Впервые за все ночи после сна не затекла шея, зато с лёгкими всё хуже и хуже. Теперь они реально болят, даже когда не кашляю, а просто глубоко дышу. Будет совсем не смешно, если закончить придётся как Холден Колфилд, с туберкулёзом только уже в другом санатории.

Тут Я начал уже реально беспокоится о своём здоровье. С лёгкими у меня всегда было туго. В двенадцать лет Я перенёс левостороннее воспаление лёгких на ногах, после чего образовалась спайка, не позволяющая открывать лёгкое полностью. На последней флюорографии сказали, что вроде спайку не видно, типа рассосалась сама собой, но Я им не верю, точнее, верю но не до конца. Блин, как паршиво…

Не открывая глаза, повернулся со спины на бок, трогаю покрывало, - сухое, даже непривычно.
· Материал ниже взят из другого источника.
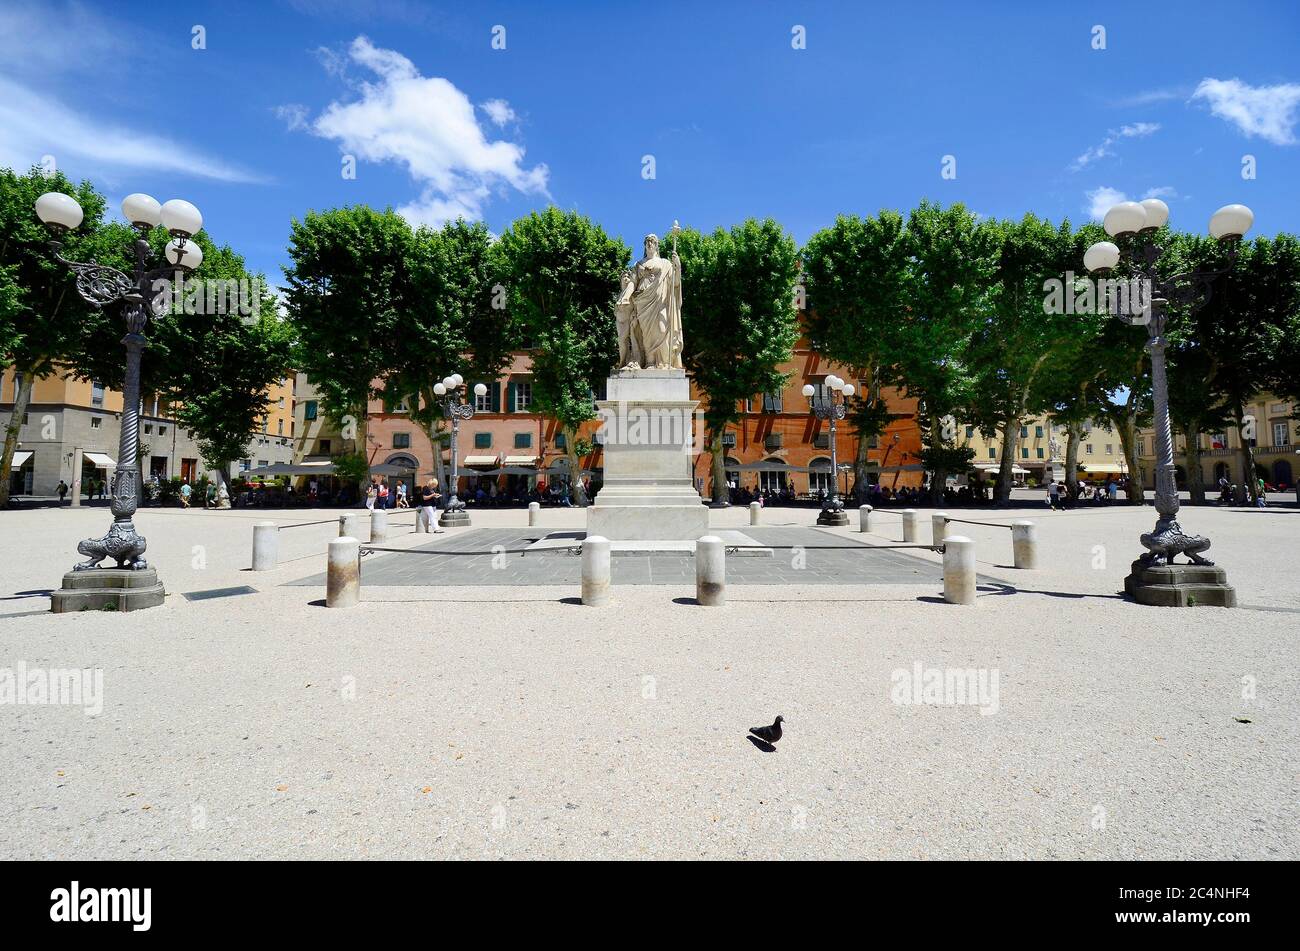 Lucca, Italy - June 11, 2012: Unidentified people and monument on Piazza Napoleone, one of the biggest squares in Lucca. It was designed by the sister Stock Photo

- Май… - размыкаю Я губы. – Май, кажется Я умираю…

Внутри души мне послышалась «Что врёшь?». Я жду секунду, ещё одну, вот-вот она скажет эту фразу, и Я буду искать логическое оправдание тому, как Я угадал то, чем ответит мне Майя на мои слова. Проходит ещё секунда, но ответа нет.

Я открываю глаза, и понимаю, что всё-таки Я не так независим от удобств, как думал ранее. Через боль Я сажусь в позу пророка и оглядываюсь, - девушки нигде нет, каким-то чудом даже покрывало не помято с той стороны, на которую она ложилась вчера вечером.

«Нужду пошла справить», - первое, что пришло мне на ум рефлекторно. – «Не, глупость, она бы сделала это и здесь, при мне».

- Майя! – крикнул Я во всё охрипшее горло. Гулкий отзыв разнёсся по полю, рикошетя от стен горной чаши.

Тишина.

С хрустом поднявшись на ноги, Я осмотрел вокруг, - опять тишина, и даже ветер не подымится с земли. Вот срань…

- Майя! - Ещё раз закричал Я, но ответа не было.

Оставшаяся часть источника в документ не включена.